▸ **Dataset section**
◆ ◆ ◆ ◆
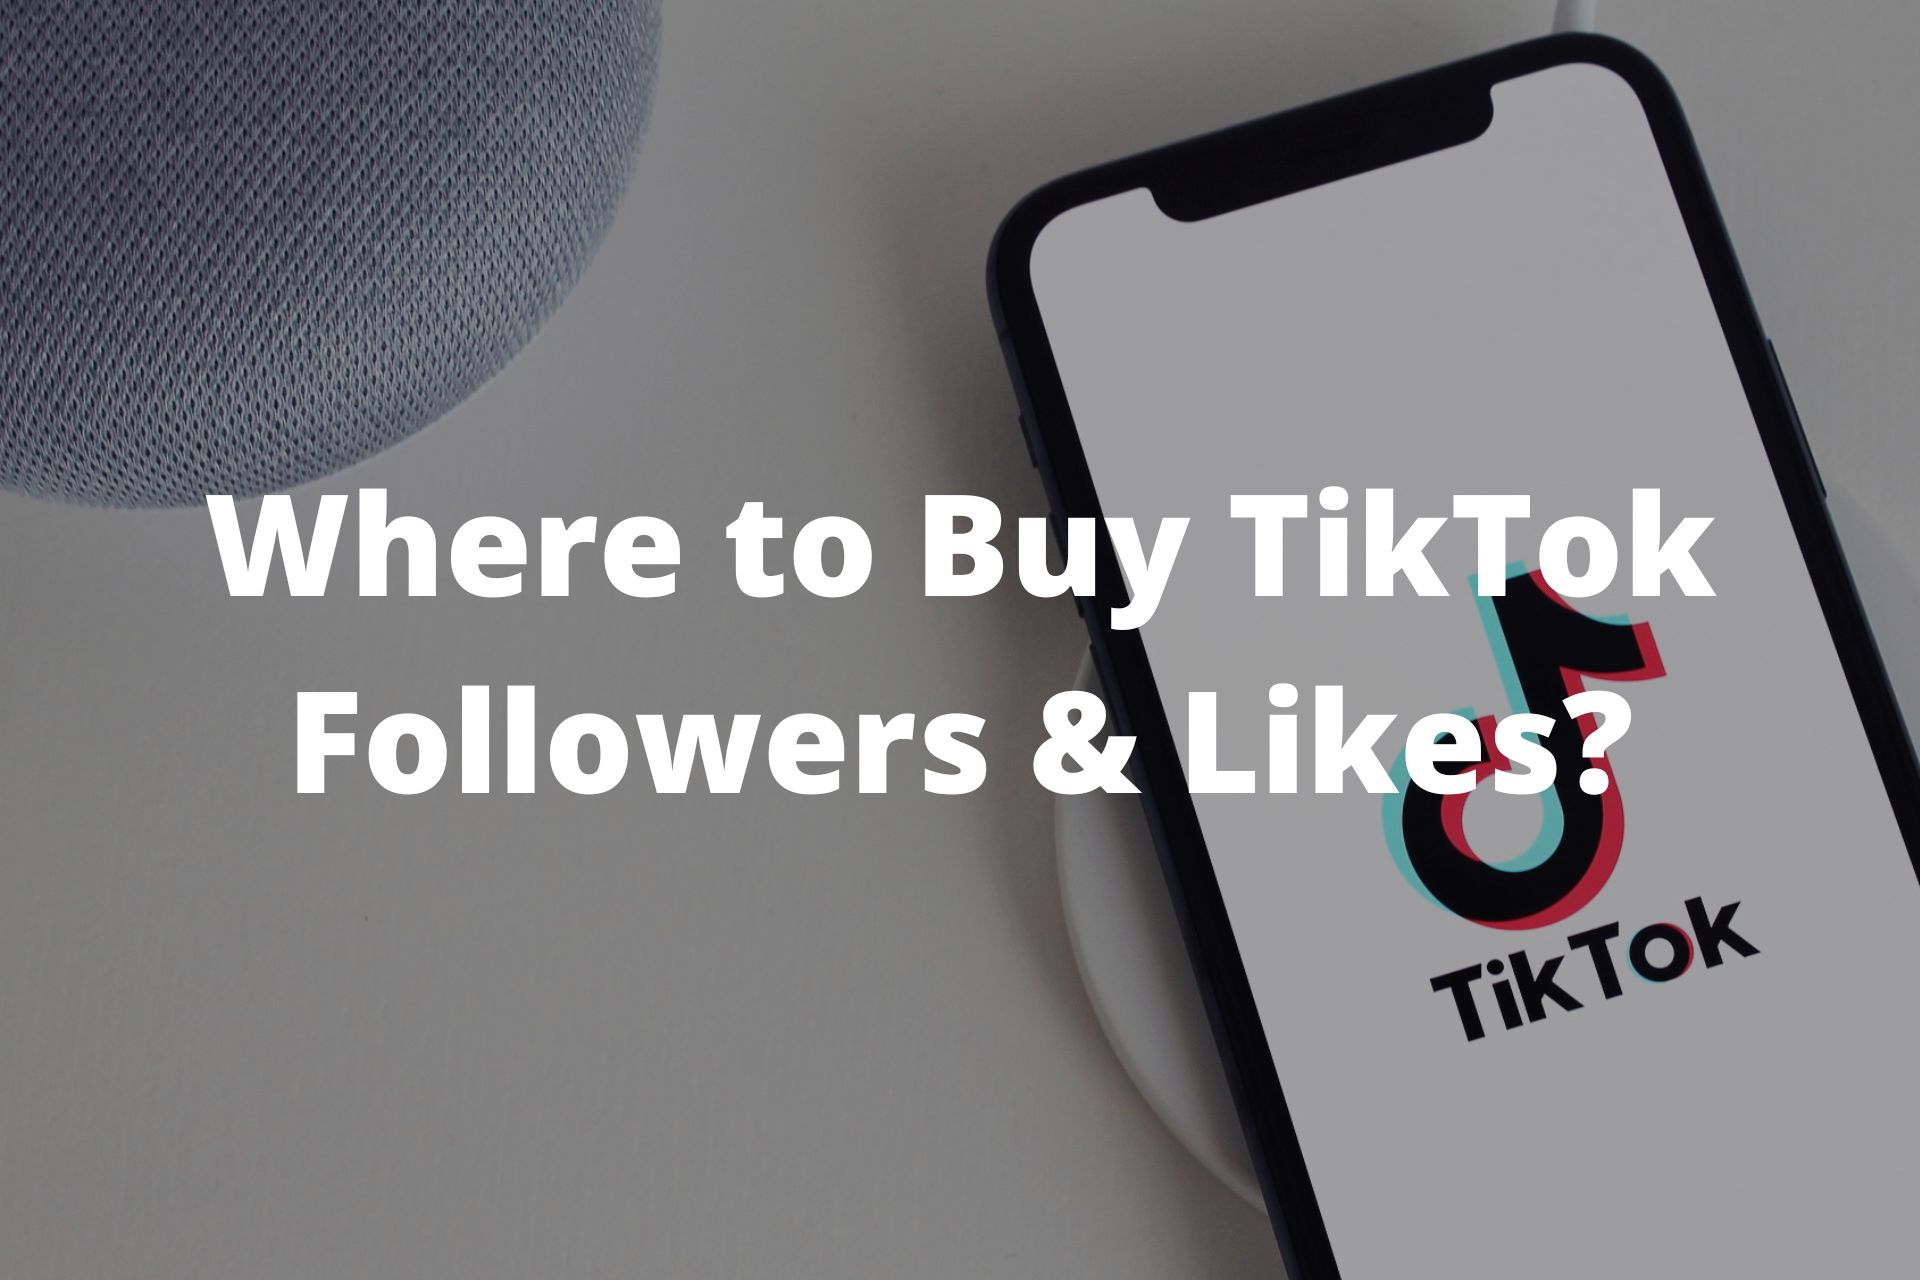 Where to Buy TikTok Followers & Likes
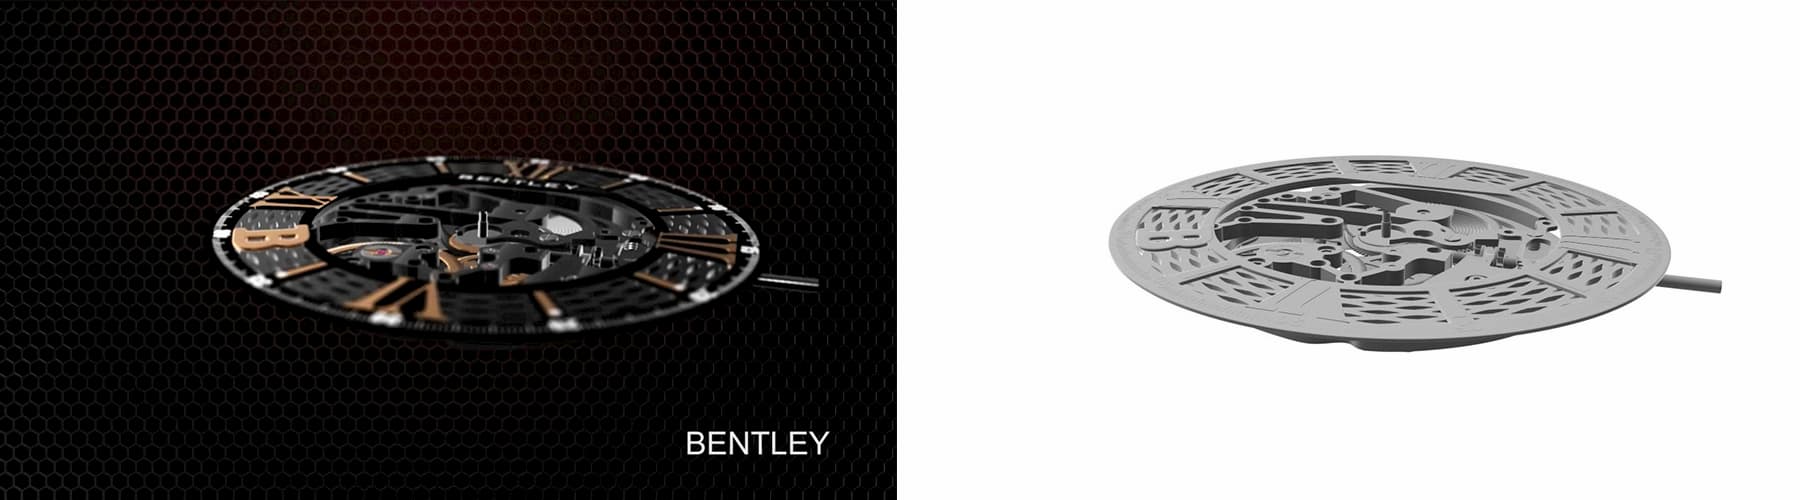 BENTLEY機械錶3D動畫影片-3
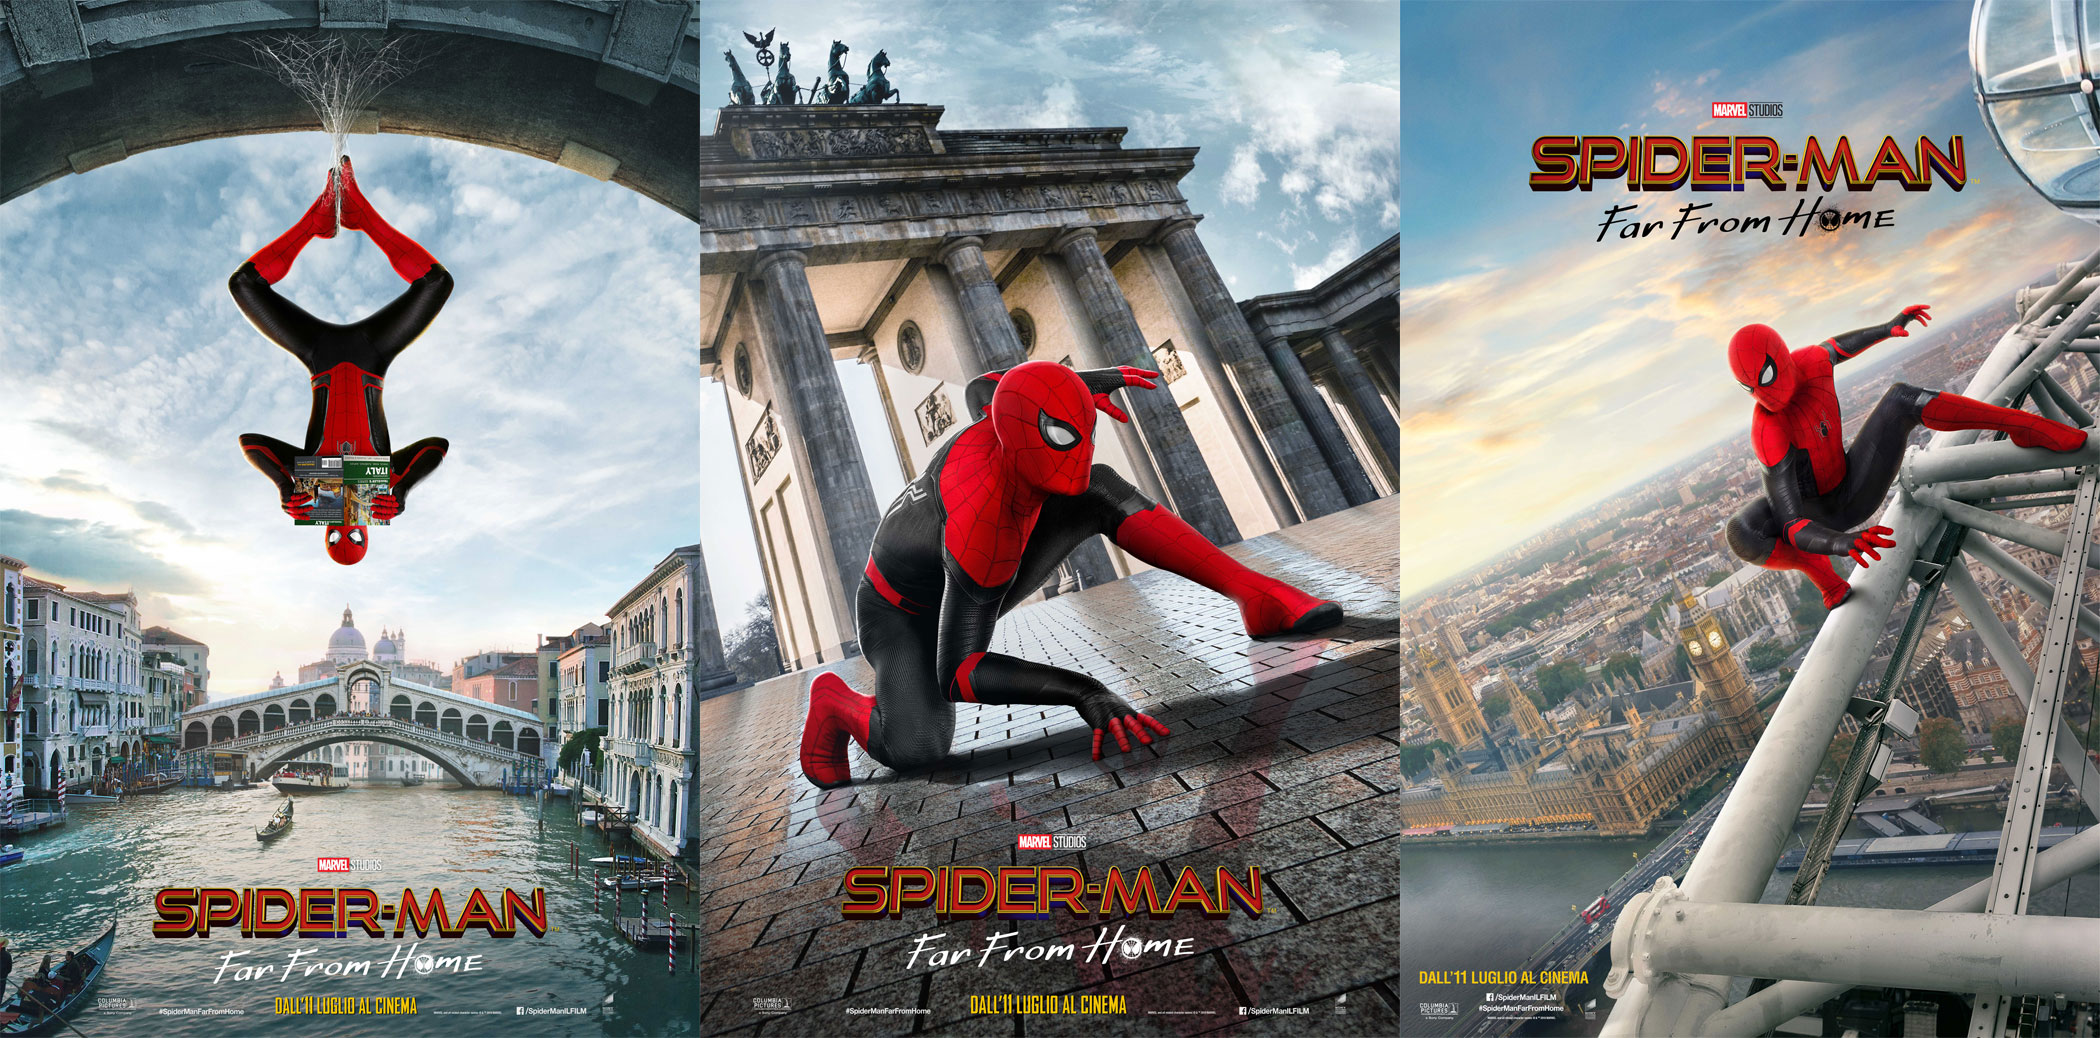 Spider-Man Far From Home, i poster internazionali con Venezia, Berlino e Londra
◆ ◆ ◆ ◆
▸ **Task prompt**
Output the lines above in full and exactly as given, omitting any pictures.

▸ **The answer**
 Where to Buy TikTok Followers & Likes
 BENTLEY機械錶3D動畫影片-3
 Spider-Man Far From Home, i poster internazionali con Venezia, Berlino e Londra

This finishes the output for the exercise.